WASHINGTON (Reuters) - U.S. producer prices shot up by an unexpectedly large 1.9 percent last month, the biggest gain in more than 15 years, as energy costs surged in the wake of hurricanes that devastated the U.S. Gulf Coast, a government report showed on Tuesday.
However, outside of volatile food and energy costs, (oh, by all means remove the volatility)
prices received by farms, factories and refineries rose a relatively subdued 0.3 percent, the Labor Department said.
Stock prices fell on the producer price report, which kept alive concerns over inflation and profit pressures, and the likelihood of further interest-rate hikes from the Federal Reserve.
And who, pray tell, found this information to be unexpected? Why, it's our old friends ...
Wall Street economists had expected producer prices to rise just 1.1 percent, with prices outside of food and energy up a tame 0.2 percent.
Analysts were divided on the degree to which the higher costs producers face from energy prices would feed through to the prices consumers pay.

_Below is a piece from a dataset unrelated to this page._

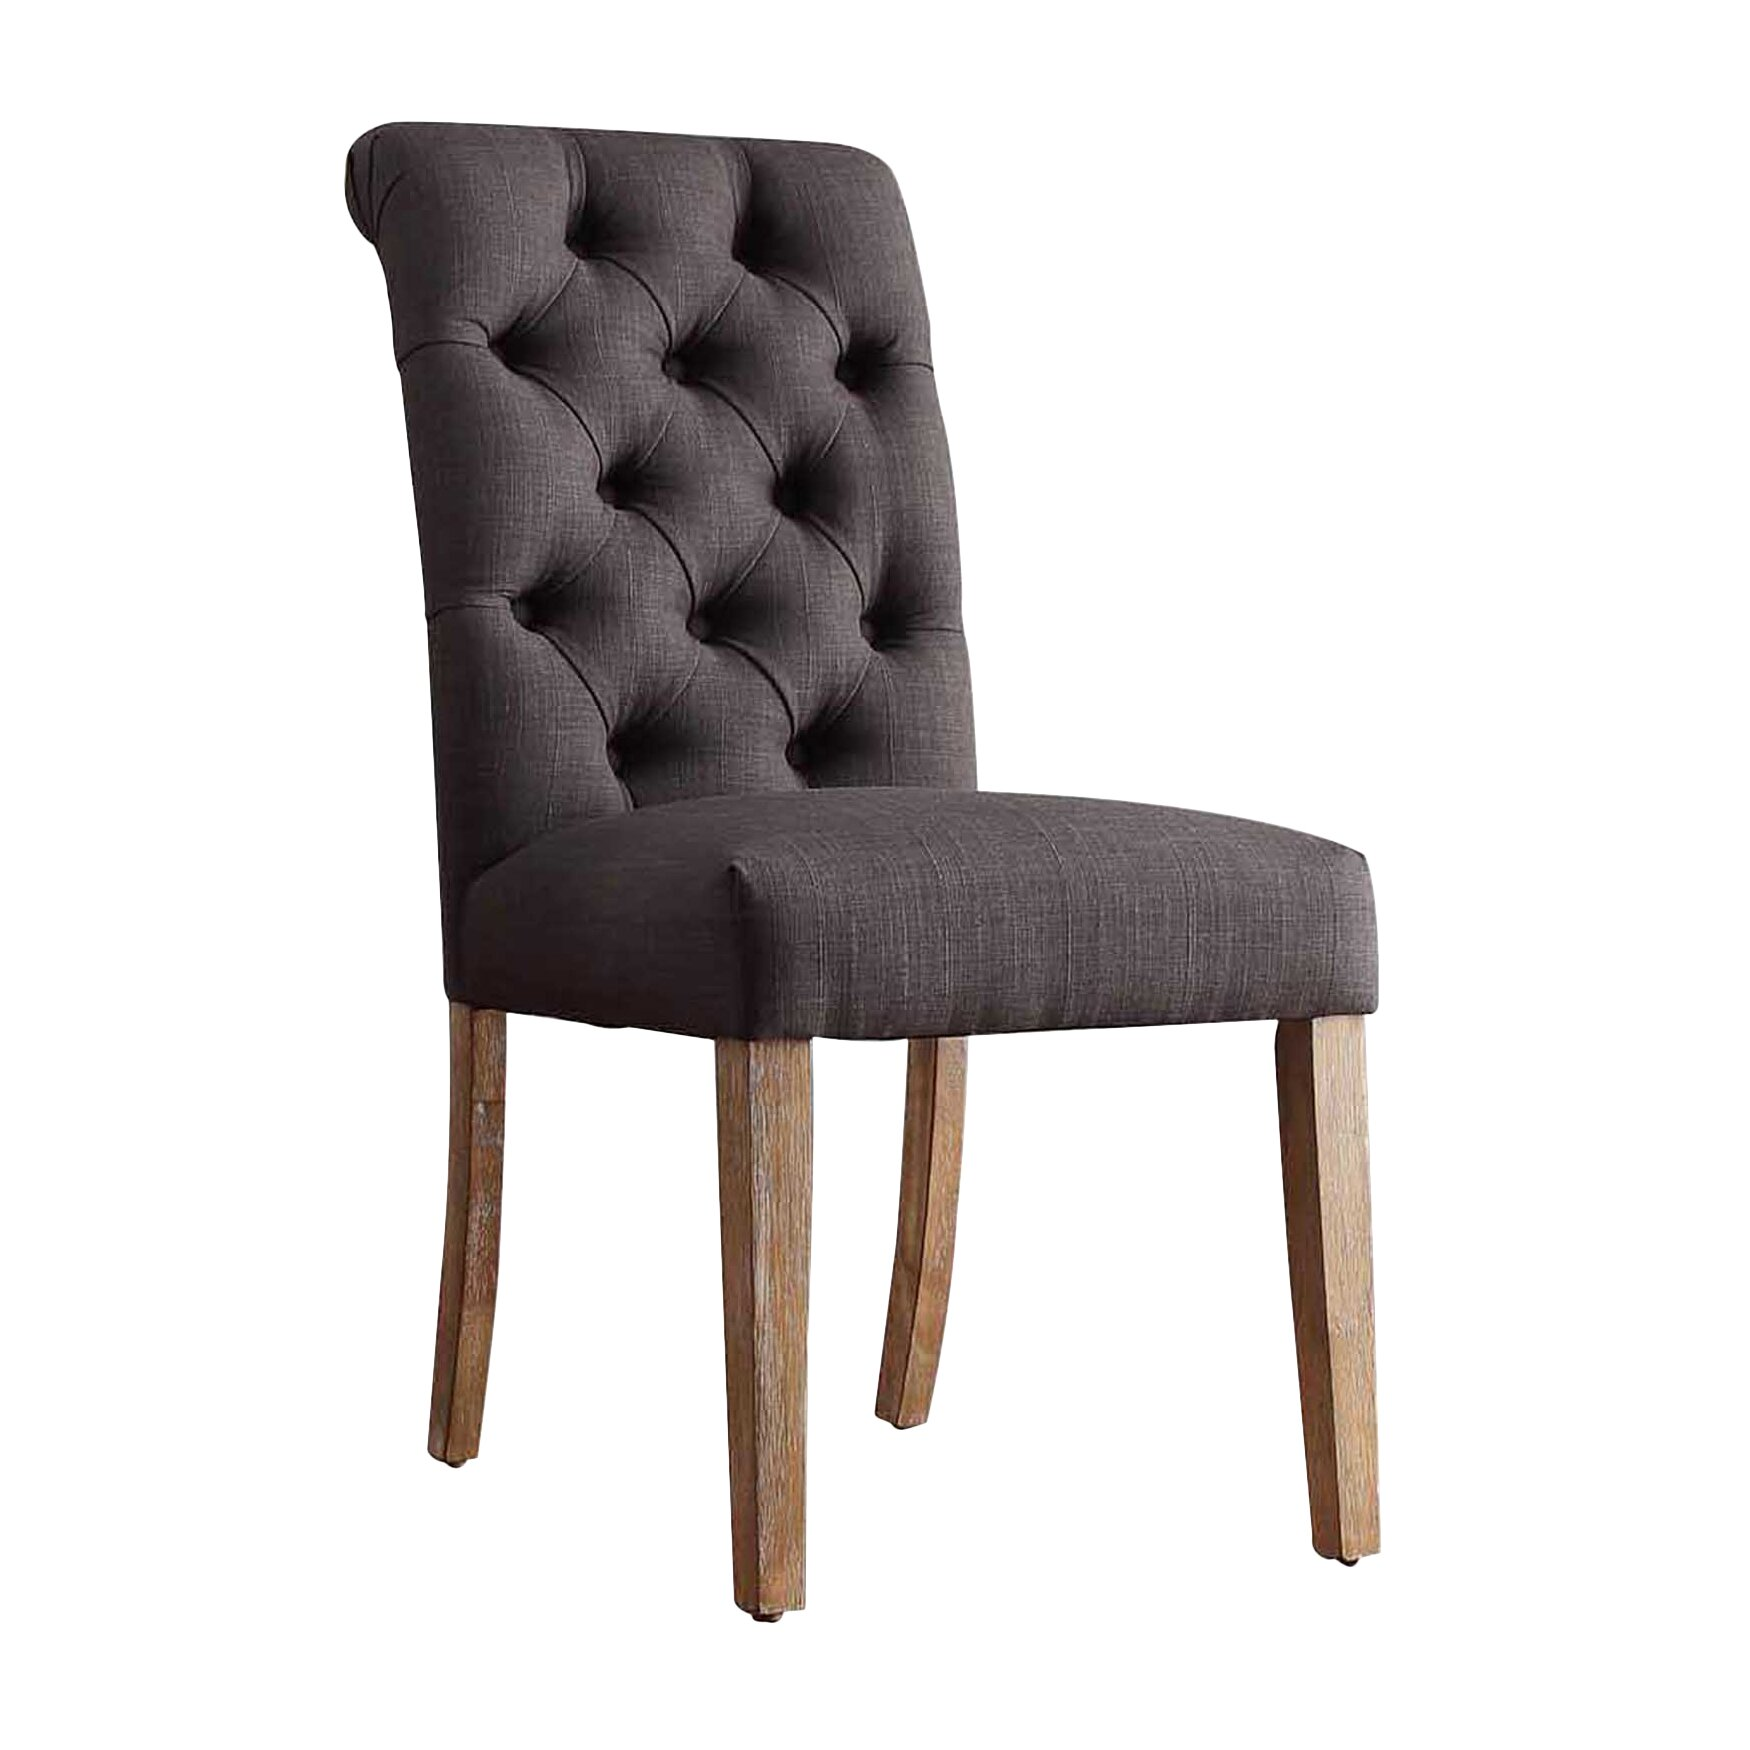 Lark Manor Pompon Tufted Side Chair Amp Reviews Wayfair

Energy prices at the producer level soared 7.1 percent in September, the biggest jump since October 1990, while food prices gained 1.4 percent, the largest rise in nearly a year.
"The real question is whether companies will squeeze their (profit) margins as costs increase or if they are going to increase prices," said Michael Metz, chief investment strategist at Oppenheimer Holdings Inc. in New York. "I think they will increase prices."
Batten down the hatches, people, we're in for rough waters.